Expensive smartphones

It’s not the screen on your next smartphone that you need to worry about breaking. It’s the bank when you come to buy it outright. So what’s the cheapest way of enjoying the latest handheld tech?

Last week, the CEO of Dixons Carphone, Sebastian James, warned that it would see a sales slump this year, citing more expensive smartphones as a cause. It seems that people are holding onto their smartphones for longer, extending the two-year upgrade cycle we’ve all grown accustomed to.

Even as someone whose job involves writing about smartphones every day, I’m still in a state of permanent shock about just how expensive some mobiles are.

Last week, Samsung announced the launch of the Galaxy Note 8 to the world. The new model will cost a jaw-dropping £869 to buy outright. Sure, it comes with a suite of impressive-sounding features, but is it really worth that much money?

Like most people, I love to go on holiday. For my fairly humble tastes, £869 could more than easily cover a week-long jaunt abroad. However, I’m in my mid-twenties, which means I can spend many happy (if unsociable) hours of an evening on my smartphone, and I like to have the latest tech where possible. These two truths make it tricky for me to answer my own question.
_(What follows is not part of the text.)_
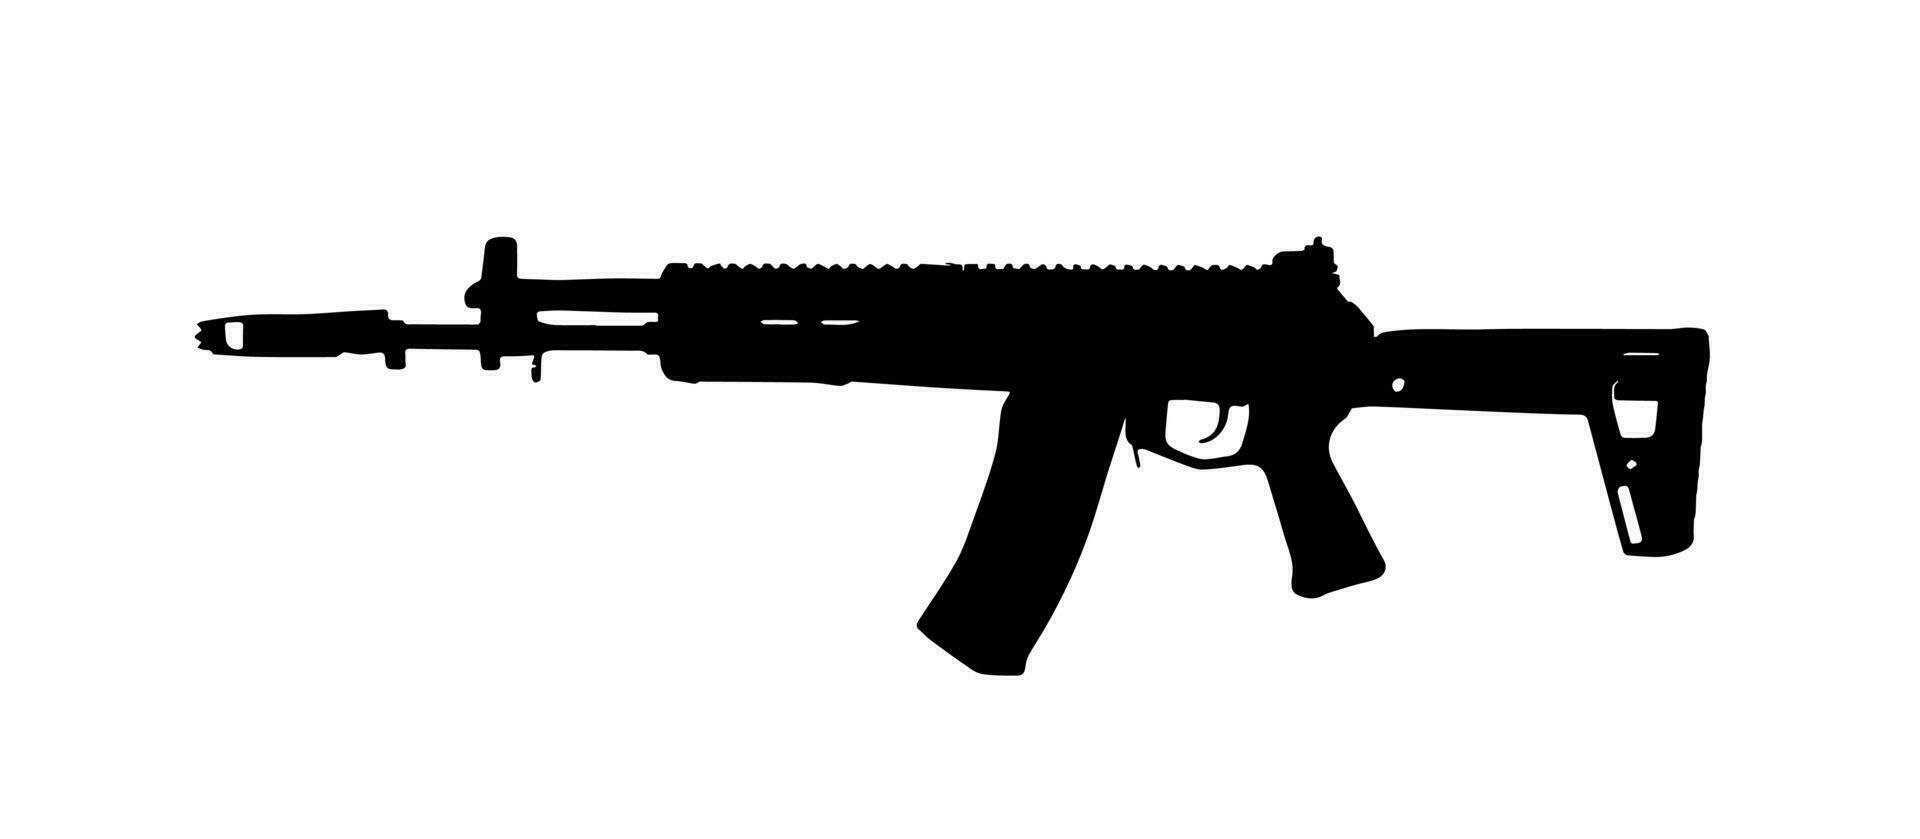 ak-12. arma. vector silueta ilustración

Is it cheaper to go down the contract road?

A lot of people take out contracts with their smartphone, myself included. This means you don’t have to pay for the phone outright – rather you pay for the handset and a package of allowances for texts, minutes and data use over 24 months.

By opting for a contract, you avoid the initial heavy hit to your bank balance that buying outright incurs. For me, smaller monthly payments seem much more manageable than forking out hundreds of pounds.

But if I had my sensible hat on, I’d buy a phone outright and take out a Sim-only deal. It often works out cheaper over time. That said, some contracts do offer good value for money – so it’s worth getting out your calculator and working out the best option for you, to make sure you’re not paying much more than you need to.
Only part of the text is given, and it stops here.